Bug 449460 - Under certain locales, attempt to paste Unicode text ends up as mojibake
Summary: Under certain locales, attempt to paste Unicode text ends up as mojibake
Status: RESOLVED UPSTREAM
Alias: None
Product: kde
Classification: I don't know
Component: general (show other bugs)
Version: unspecified
Platform: Manjaro Linux
: NOR normal
Target Milestone: ---
Assignee: Unassigned bugs mailing-list
URL:
Keywords:
Depends on:
Blocks:
 
Reported: 2022-02-01 16:01 UTC by spamless.9v5xj
Modified: 2022-02-02 19:42 UTC (History)
1 user (show)

See Also:
Latest Commit:
Version Fixed In:
Sentry Crash Report:


Attachments
Demo video (2.33 MB, video/mp4)
2022-02-01 16:06 UTC, spamless.9v5xj
Details

Note You need to log in before you can comment on or make changes to this bug.
Description spamless.9v5xj 2022-02-01 16:01:53 UTC
SUMMARY
***
When Formats - System Settings is set to certain regions, attempting to copy formatted Unicode text (eg. bold, italics, a hyperlink) and pasting it into LibreOffice as unformatted text will cause the text to end up being garbled gibberish.

***


STEPS TO REPRODUCE
1.  Under Formats - System Settings, set region to "Belgium - English (en_BE)". (Other regions also cause this issue but for demonstration purposes I am using en_BE.)
2. Log out and log back in so changes would take effect
3.  Copy some formatted Unicode text (I went on ja.wikipedia.org and copied the header)
4.  Open LibreOffice writer and trigger context menu. Go to Paste Special -> Unformatted Text and select that option.

OBSERVED RESULT
Text ends up as a nonsensical string of letters

EXPECTED RESULT
Text is rendered properly

ADDITIONAL INFORMATION
It appears this is because the text encoding is incorrectly set to ISO-8859 rather than UTF-8, as the garbled string can be produced identically by pasting the same string into Kate and changing the encoding to ISO-8859.

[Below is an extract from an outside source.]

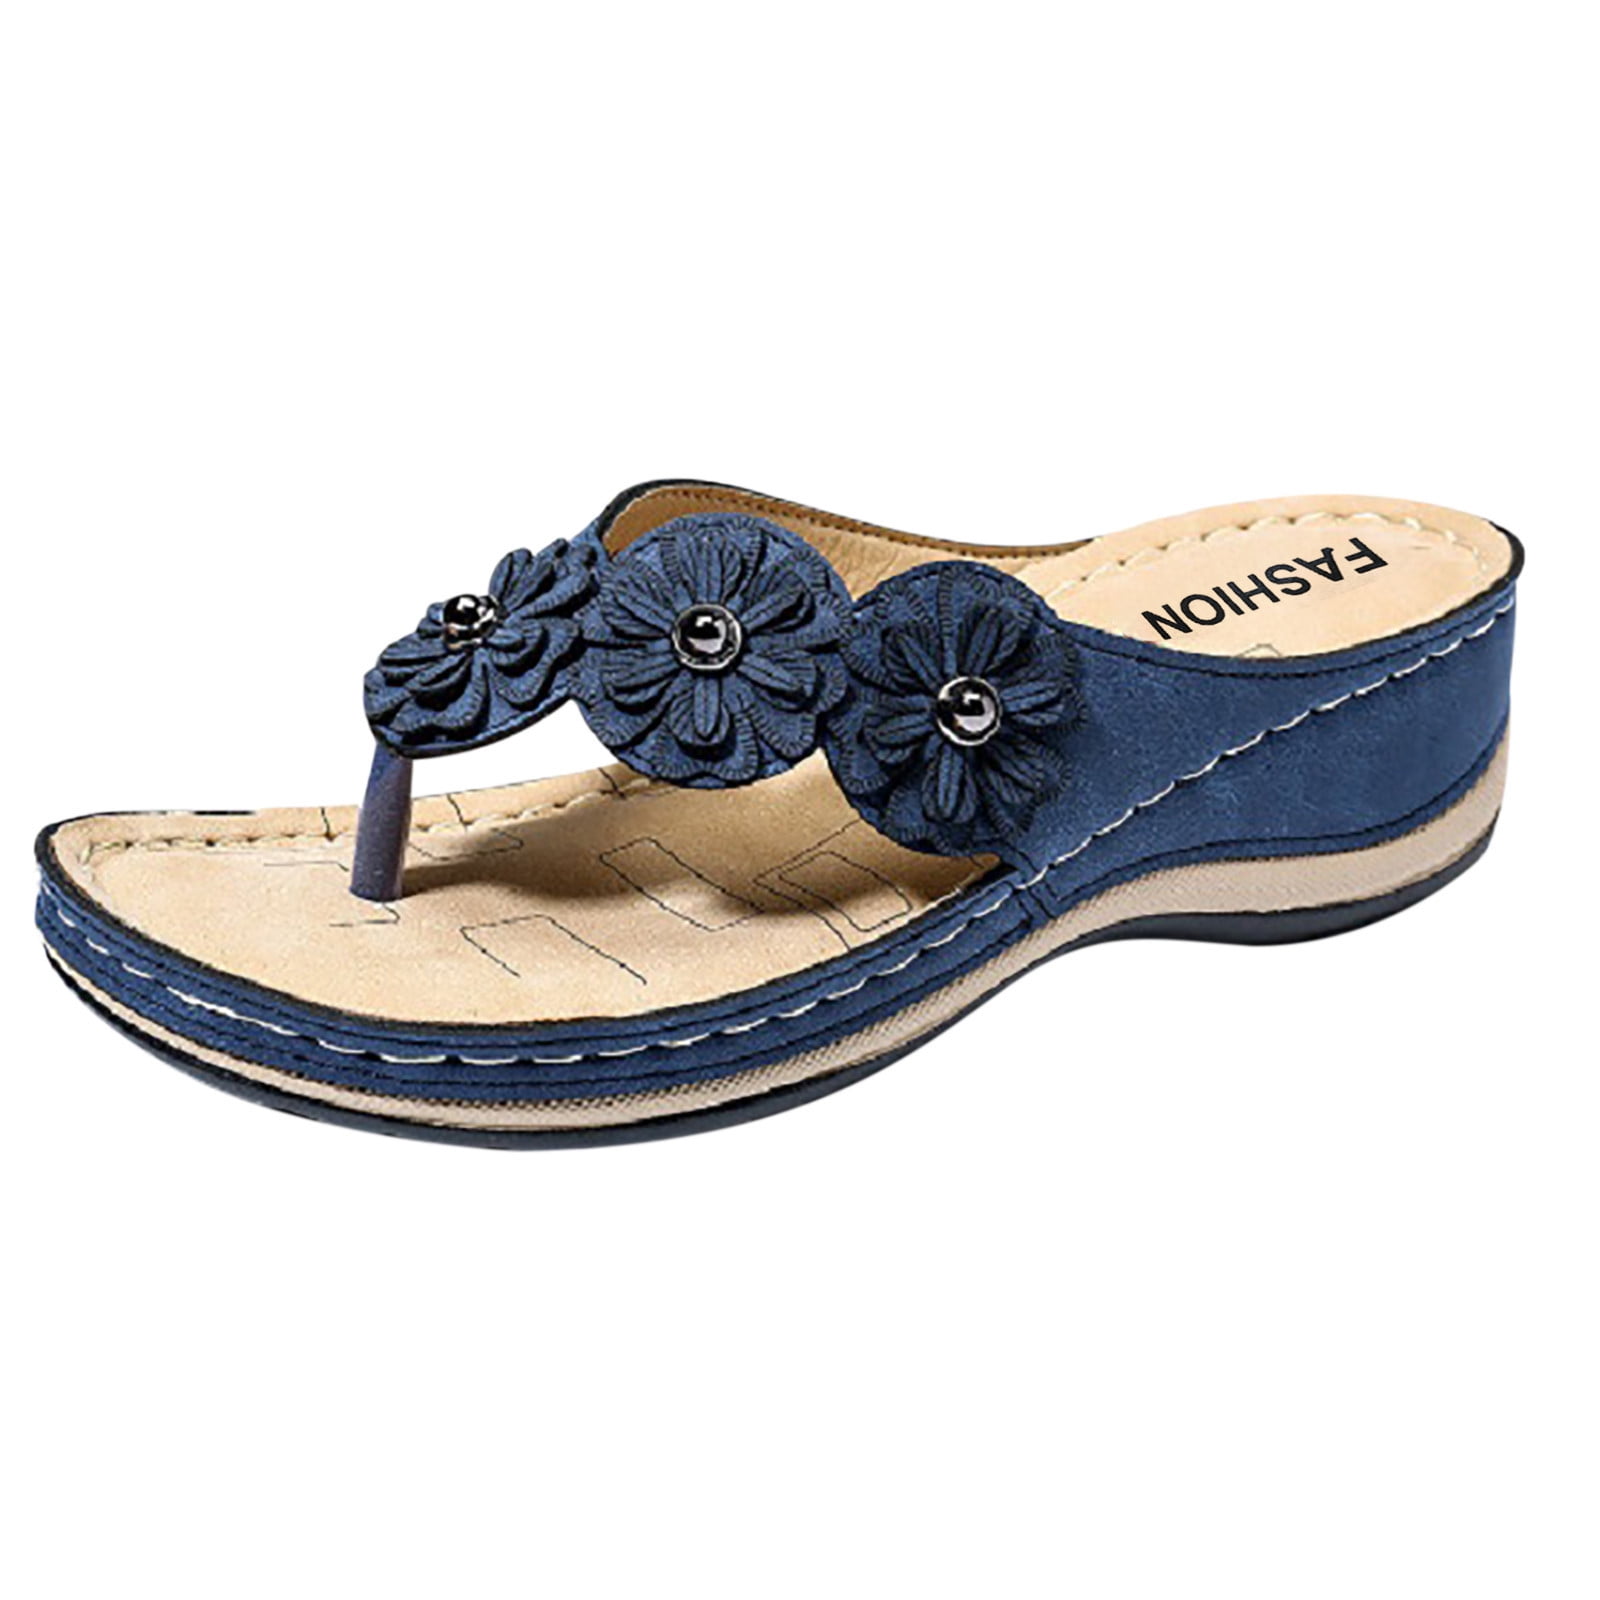 Zanvin Women's Sandals Shoes on Clearance, up to 30% off, Flip Flops ...

This is not an issue with locales such as en_US and en_GB and thus indicates behavior is unintended or at least fixable, hence filing this bug.

Issue seems to only affect LibreOffice, however as the bug is triggered by changing region in Plasma settings evidence points to this being on KDE's end.
Comment 1 spamless.9v5xj 2022-02-01 16:06:02 UTC
Created attachment 146128 [details]
Demo video
Comment 2 spamless.9v5xj 2022-02-01 16:19:33 UTC
Quick clarification: This actually happens with attempting to paste any string of unicode
Comment 3 spamless.9v5xj 2022-02-01 16:21:24 UTC
Quick clarification: This happens when attempting to copy any string of Unicode text, it's simply that only when the text contains formatting might one wish to "Paste unformatted". Alas, it seems encoding info gets discarded along with it.
Comment 4 Nate Graham 2022-02-01 23:17:24 UTC
What languages do you have set in the Languages page, and what order are they in?
Comment 5 spamless.9v5xj 2022-02-01 23:21:25 UTC
(In reply to Nate Graham from comment #4)
> What languages do you have set in the Languages page, and what order are
> they in?

Only one - American English.
Comment 6 Nate Graham 2022-02-02 19:11:55 UTC
Can you paste the contents of ~/.config/plasma-localerc?
Comment 7 spamless.9v5xj 2022-02-02 19:15:10 UTC
(In reply to Nate Graham from comment #6)
> Can you paste the contents of ~/.config/plasma-localerc?

[Formats]
LANG=en_BE.UTF-8
LC_MEASUREMENT=en_GB.UTF-8
LC_MONETARY=en_GB.UTF-8
LC_NUMERIC=en_GB.UTF-8
LC_TIME=en_GB.UTF-8
useDetailed=true
Comment 8 Nate Graham 2022-02-02 19:37:16 UTC
This has to be a problem in LibreOffice or deeper in the stack, then. All we do is set those variables; we don't play with encodings of anything.

Can you report this to the LibreOffice folks at https://bugs.documentfoundation.org? Thanks!
Comment 9 spamless.9v5xj 2022-02-02 19:42:31 UTC
(In reply to Nate Graham from comment #8)
> This has to be a problem in LibreOffice or deeper in the stack, then. All we
> do is set those variables; we don't play with encodings of anything.
> 
> Can you report this to the LibreOffice folks at
> https://bugs.documentfoundation.org? Thanks!

Alright, will do. Thanks for the help!